Beginning with the line of the entries below that holds "Fronteirland entrance view" and ending with the line that holds "Label Engagement Score 2024 Gabon", transcribe each line exactly as written. Pictures stay out.

*PROVIDED DATA*
%%
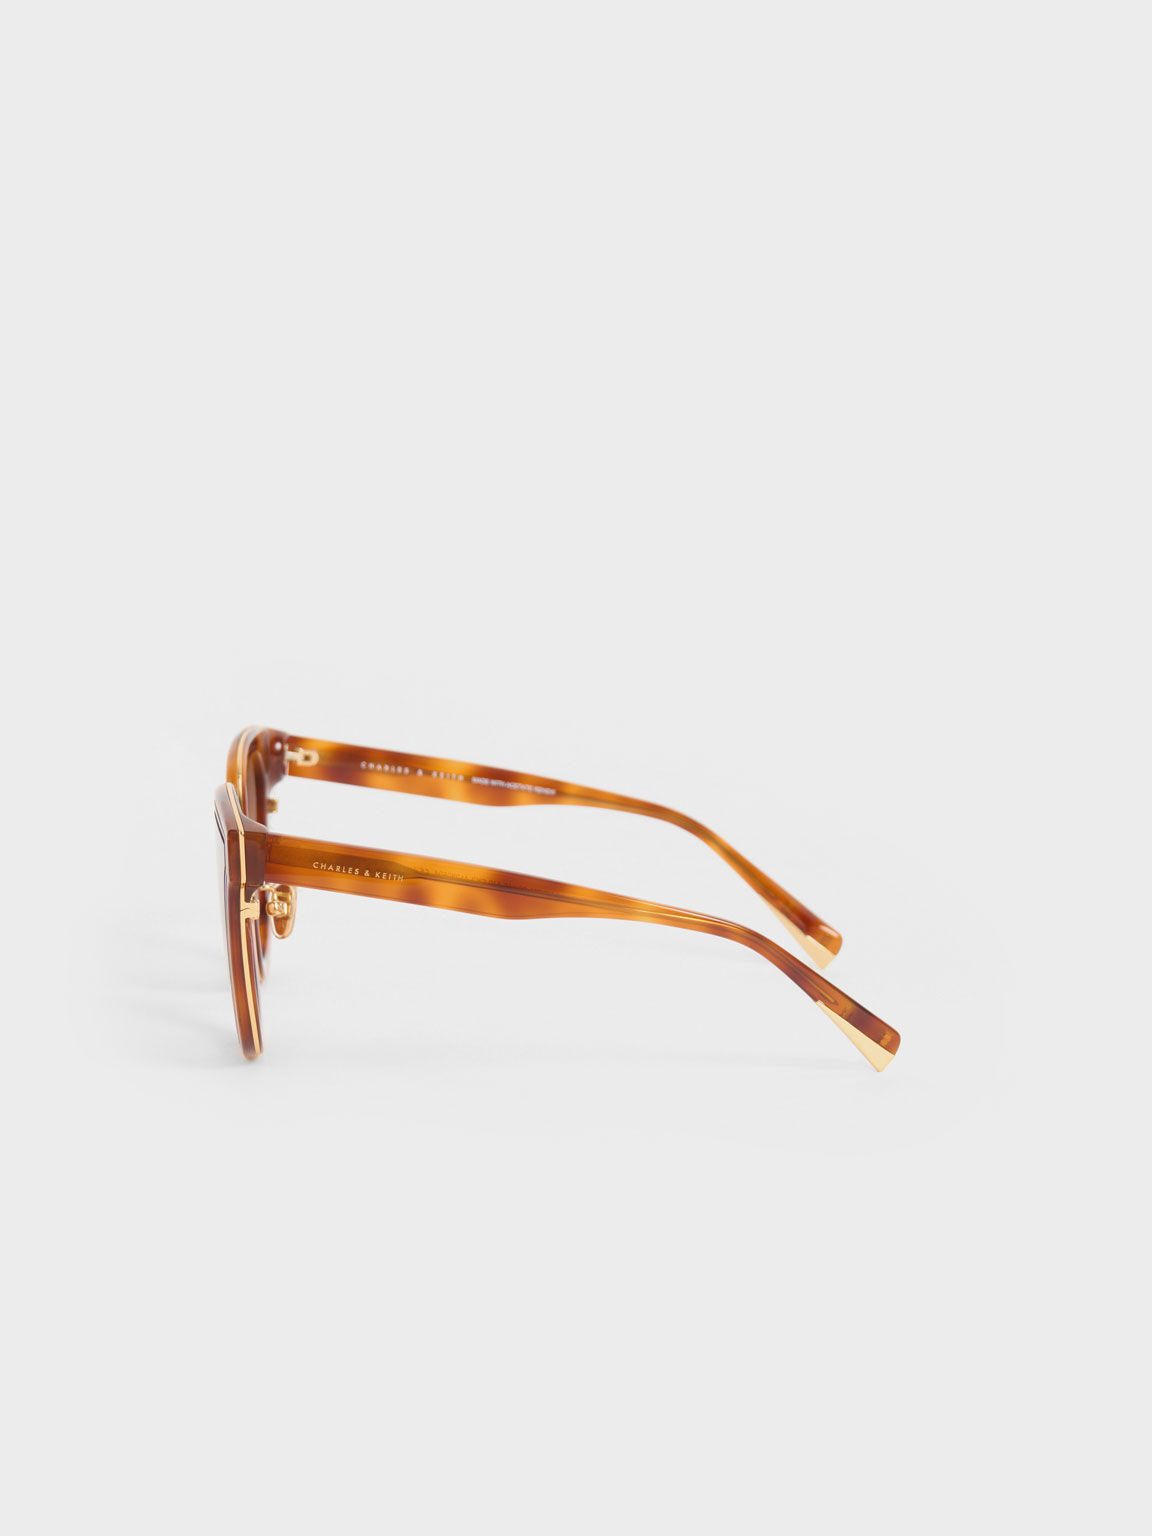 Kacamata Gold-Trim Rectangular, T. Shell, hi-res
%%
%%
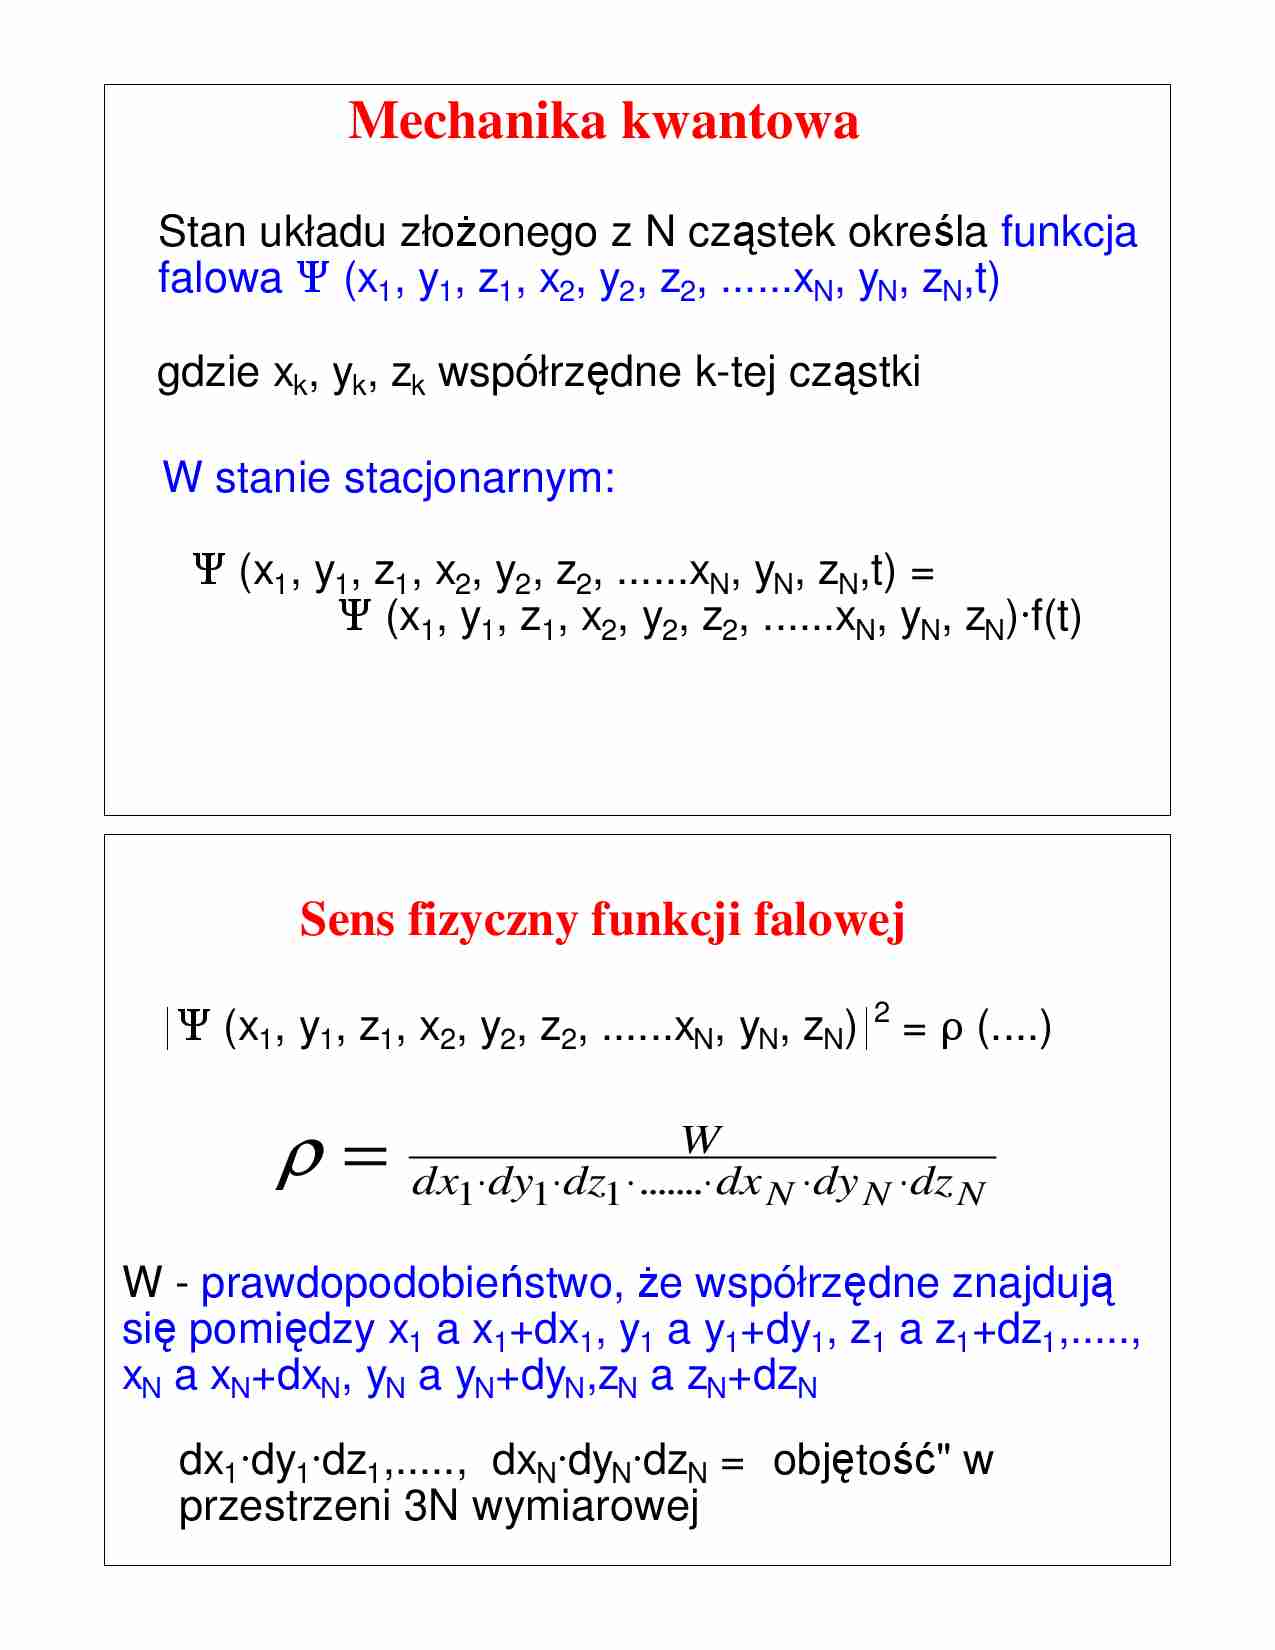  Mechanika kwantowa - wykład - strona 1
%%
%%
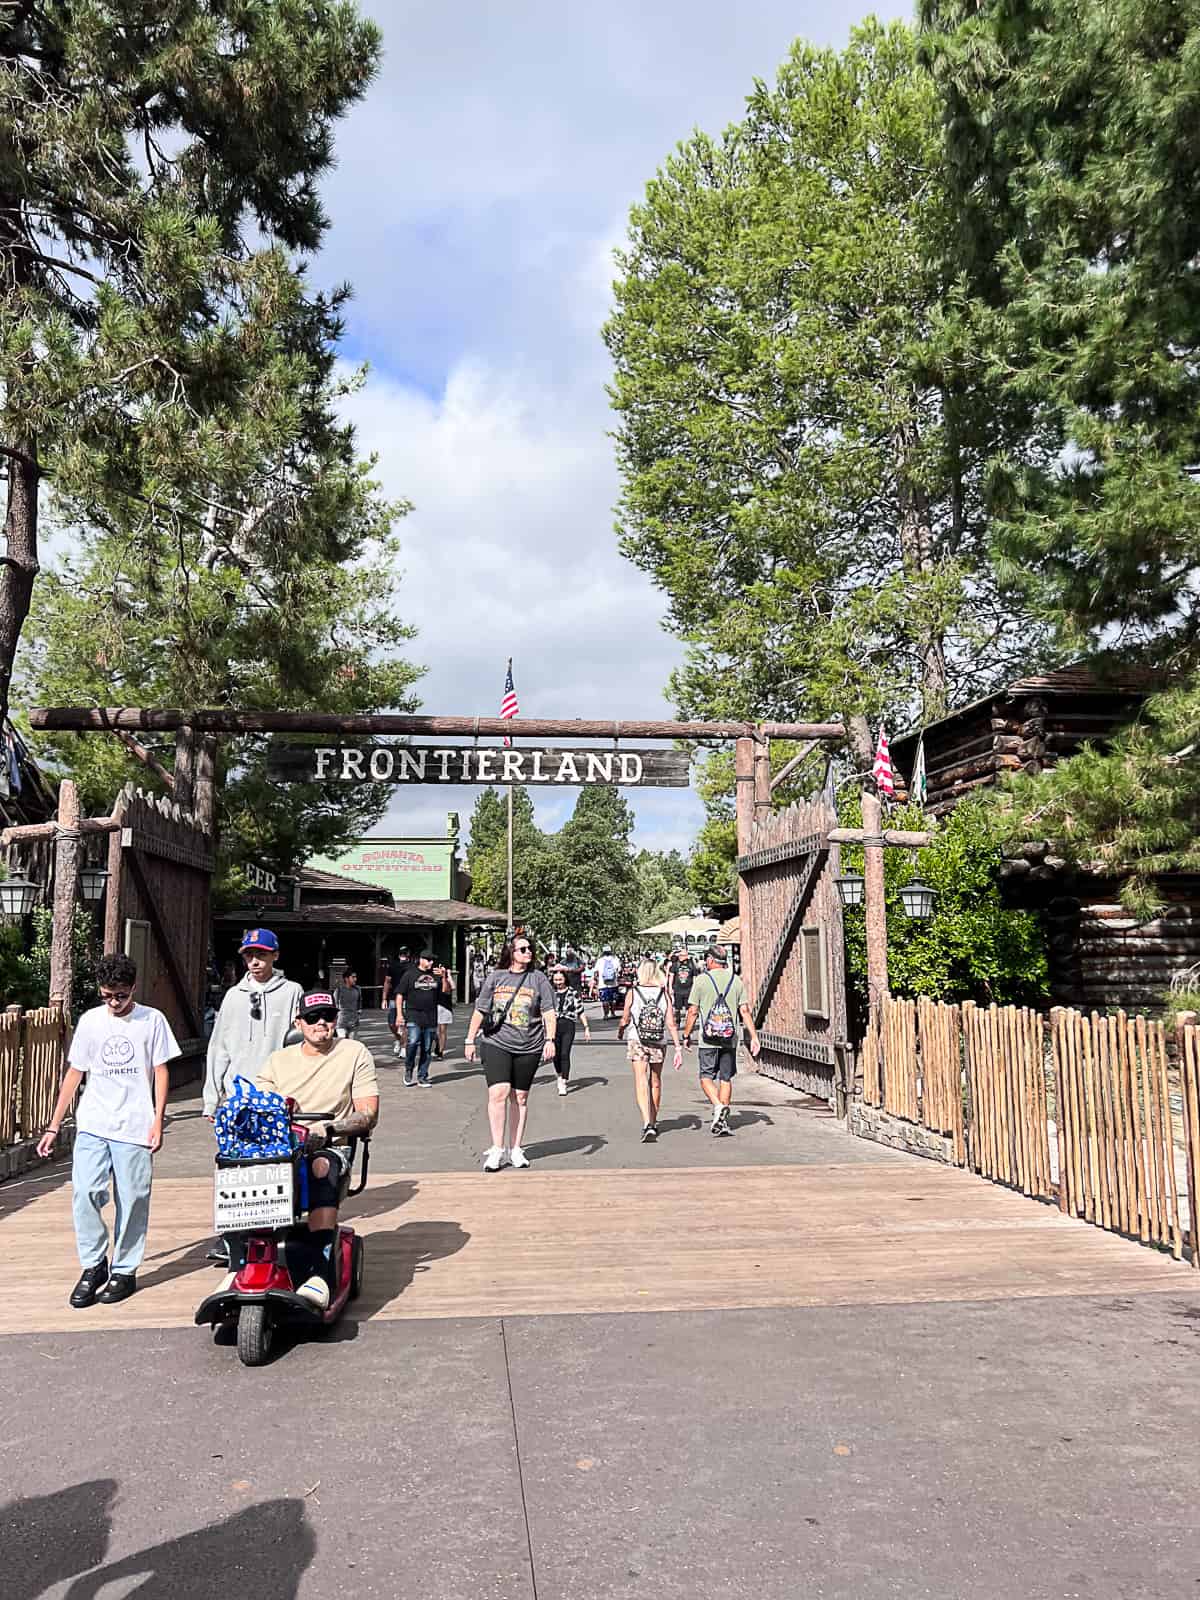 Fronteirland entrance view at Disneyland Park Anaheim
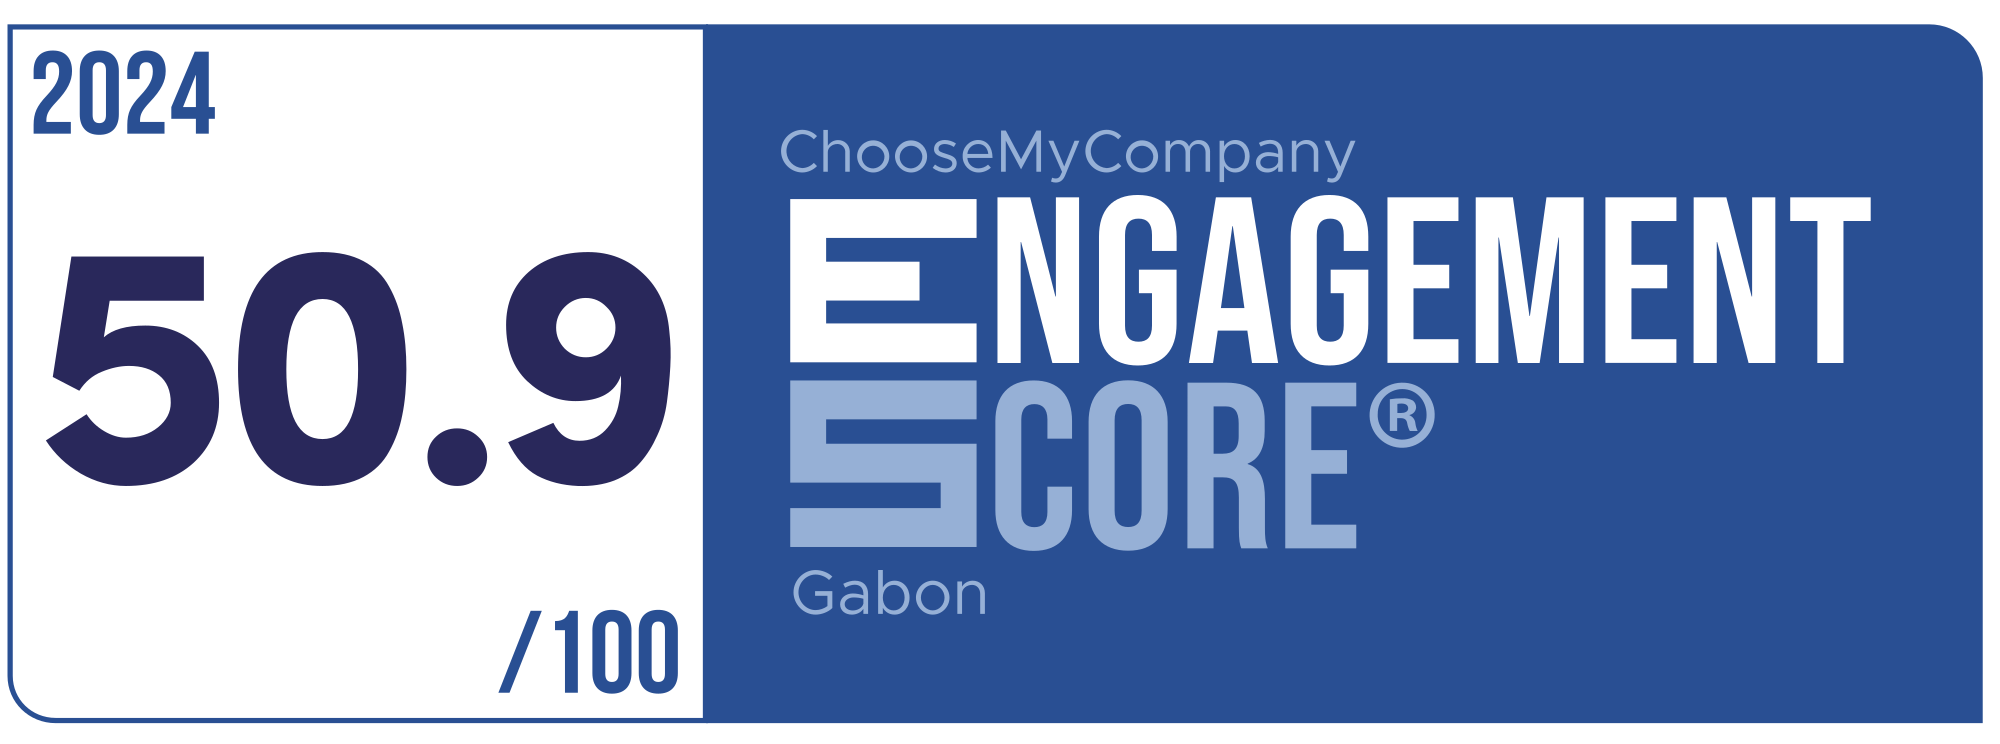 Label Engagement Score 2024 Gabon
%%
*YOUR RESPONSE*
 Fronteirland entrance view at Disneyland Park Anaheim
 Label Engagement Score 2024 Gabon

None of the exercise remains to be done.